■ Provided material:
*** Block opens ***
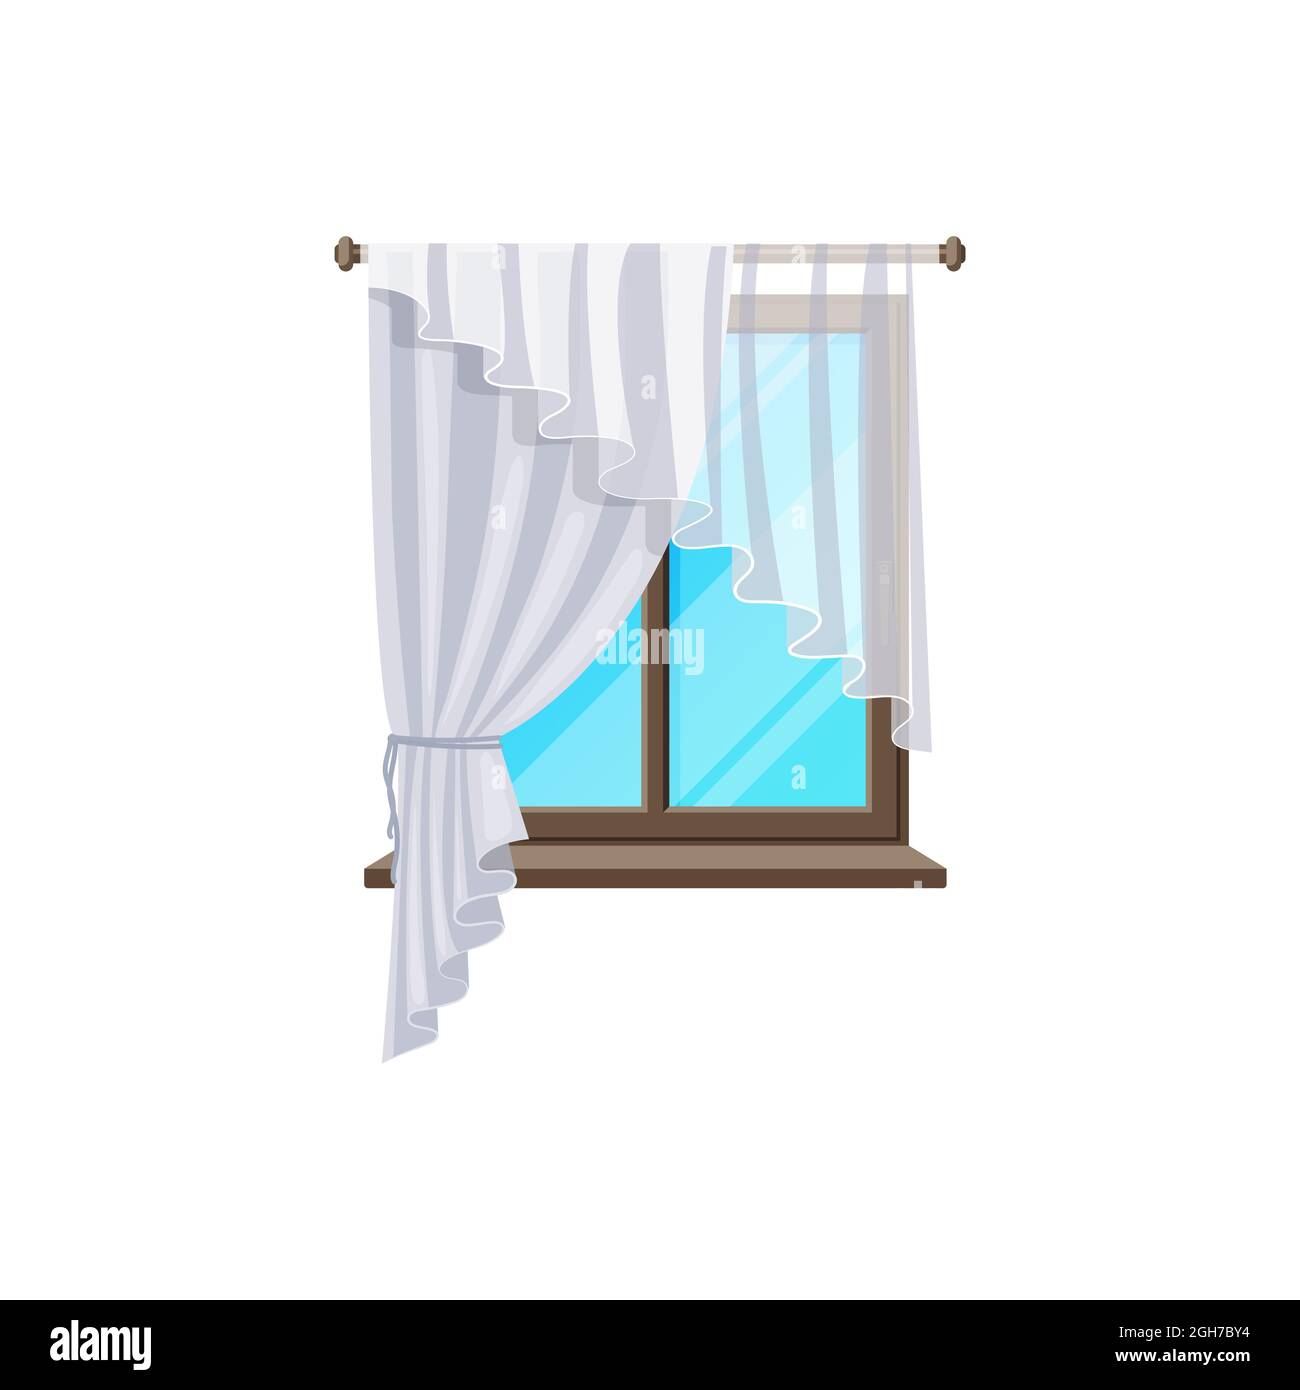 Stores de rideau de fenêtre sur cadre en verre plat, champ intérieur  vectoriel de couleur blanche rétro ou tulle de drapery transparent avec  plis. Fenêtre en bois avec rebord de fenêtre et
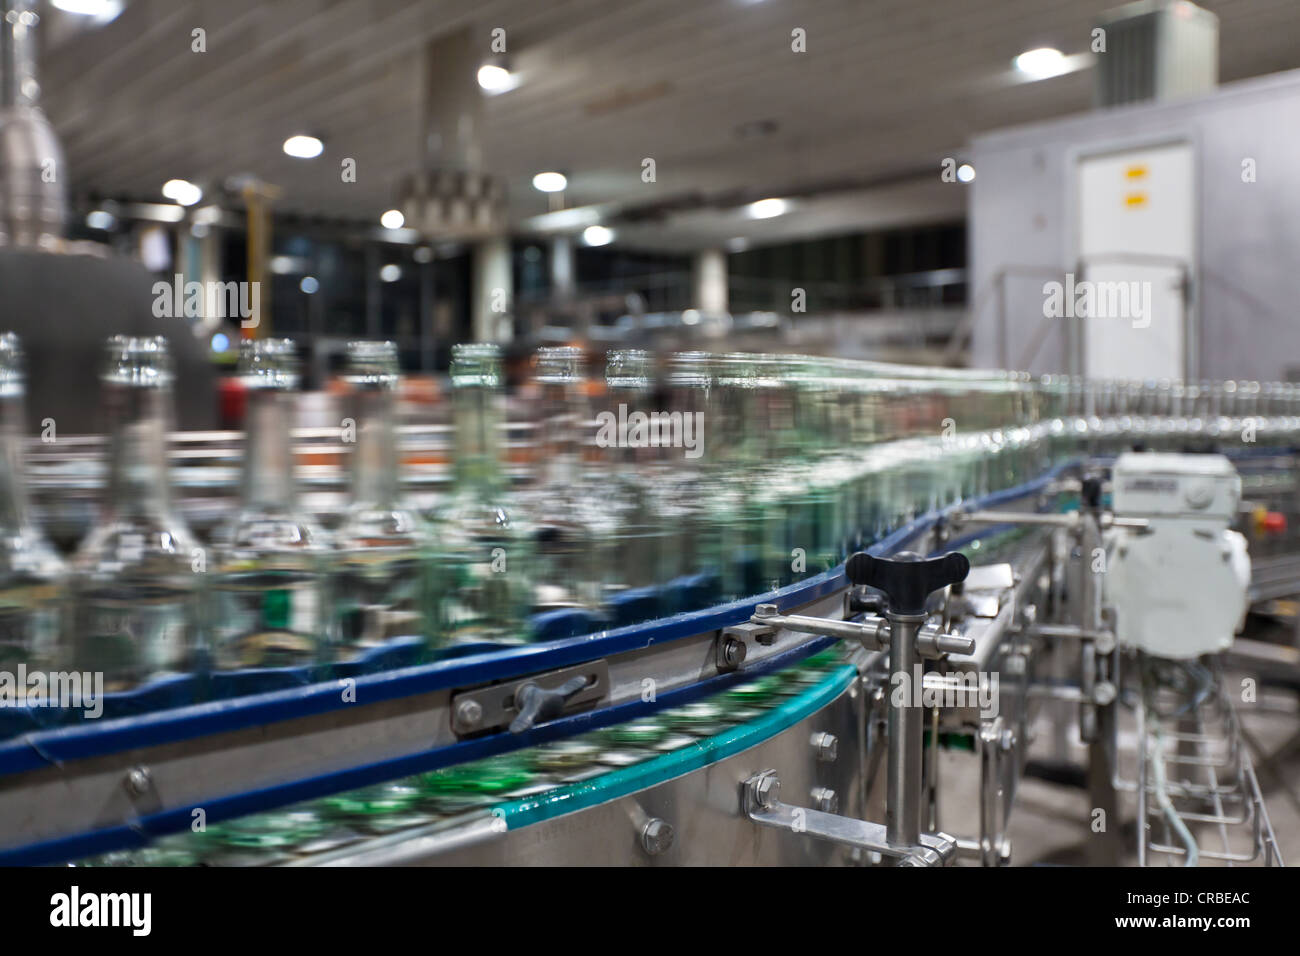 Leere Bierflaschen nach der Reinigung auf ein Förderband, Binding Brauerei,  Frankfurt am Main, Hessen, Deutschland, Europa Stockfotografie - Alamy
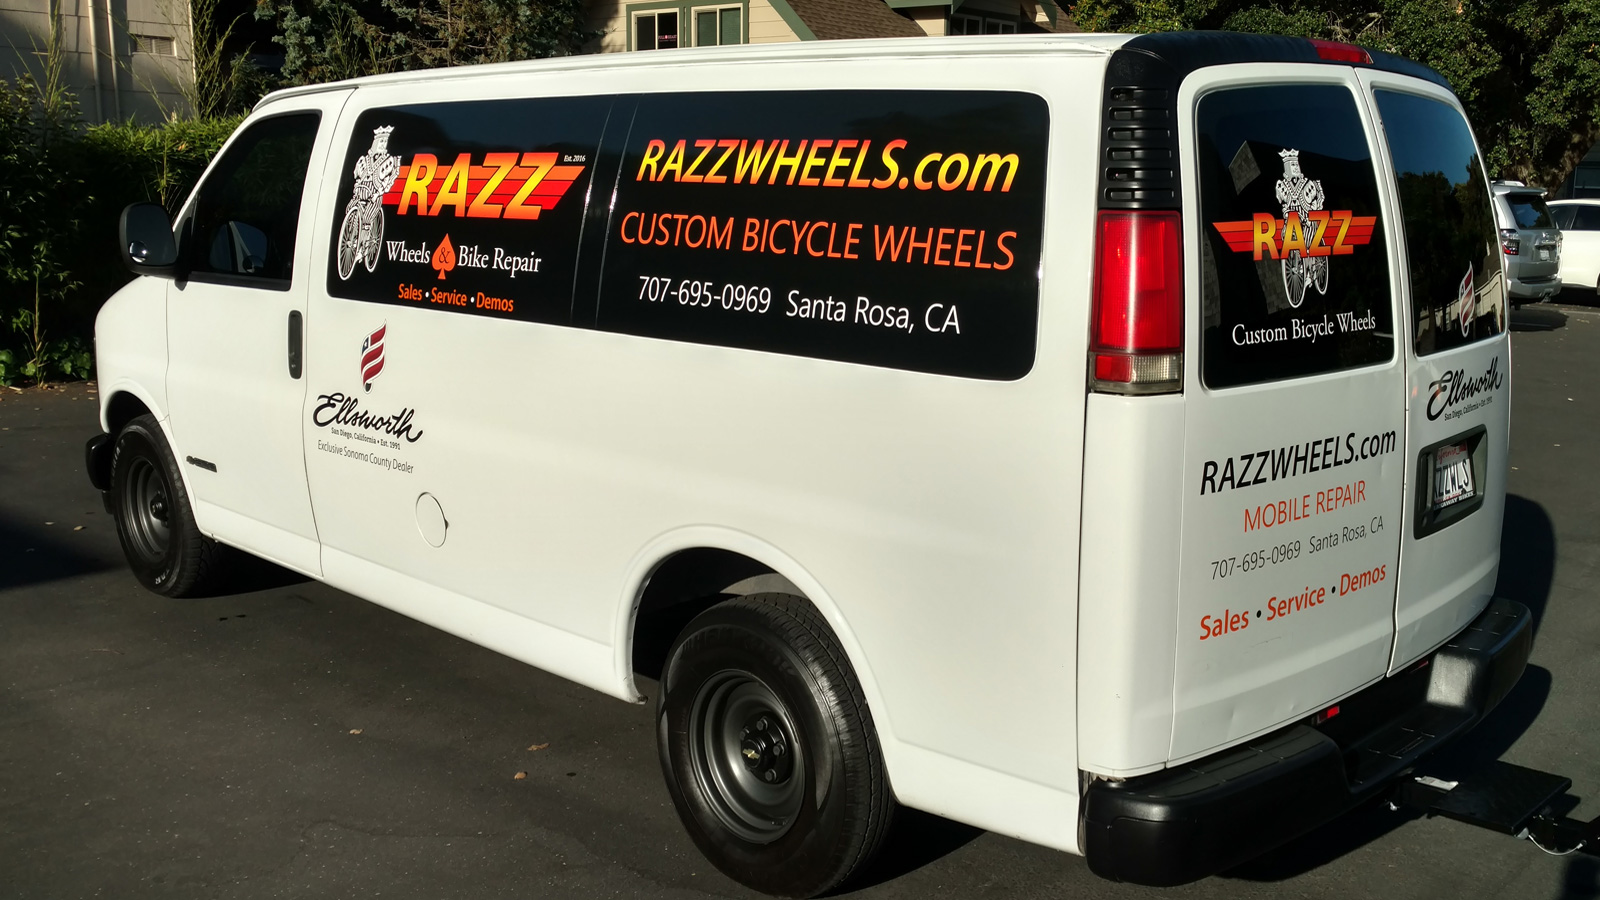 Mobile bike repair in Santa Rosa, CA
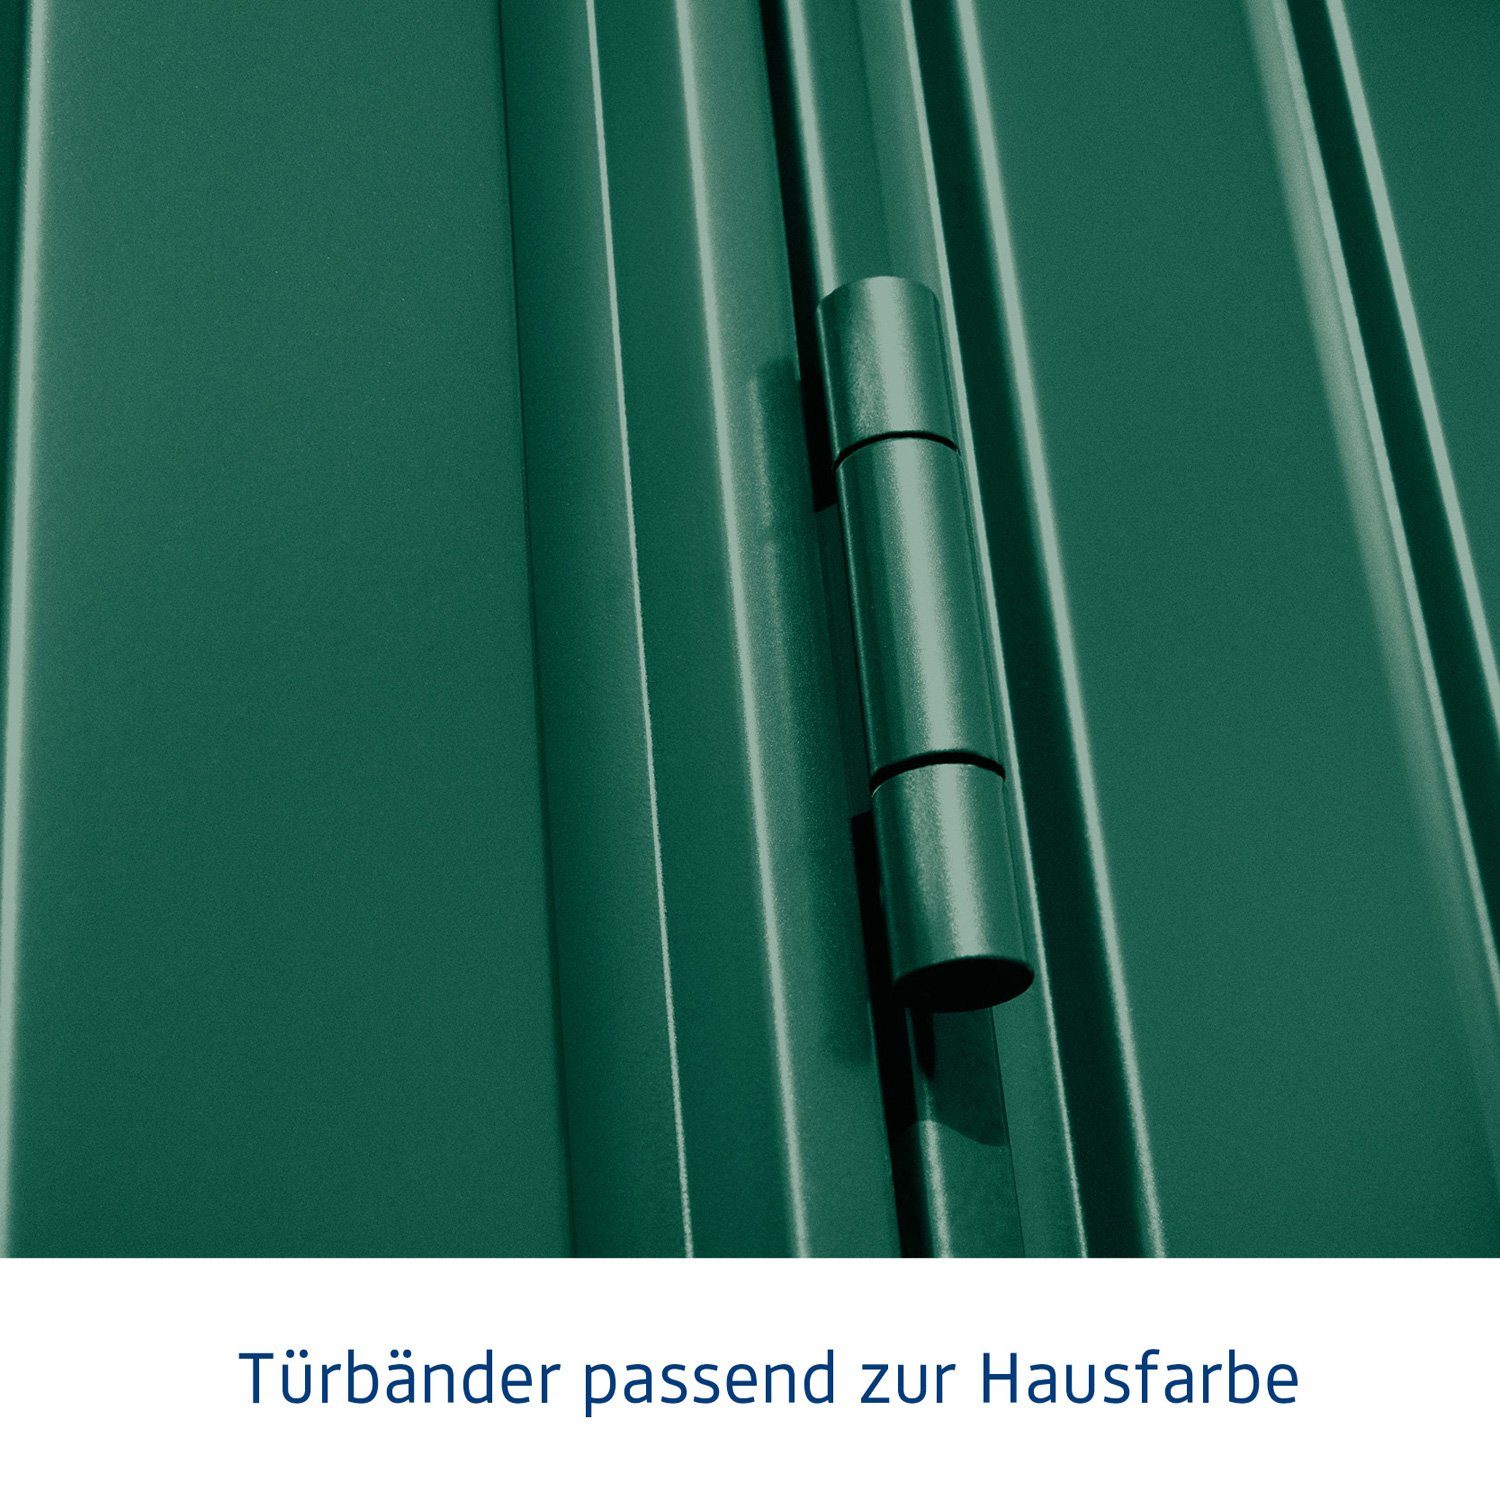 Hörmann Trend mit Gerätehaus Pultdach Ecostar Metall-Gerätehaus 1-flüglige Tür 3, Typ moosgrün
*** Block closes ***
■ Assignment:
An exact reproduction of the material is needed, without its images.

■ Task result:
 Stores de rideau de fenêtre sur cadre en verre plat, champ intérieur  vectoriel de couleur blanche rétro ou tulle de drapery transparent avec  plis. Fenêtre en bois avec rebord de fenêtre et
 Leere Bierflaschen nach der Reinigung auf ein Förderband, Binding Brauerei,  Frankfurt am Main, Hessen, Deutschland, Europa Stockfotografie - Alamy
 Mobile bike repair in Santa Rosa, CA
 Hörmann Trend mit Gerätehaus Pultdach Ecostar Metall-Gerätehaus 1-flüglige Tür 3, Typ moosgrün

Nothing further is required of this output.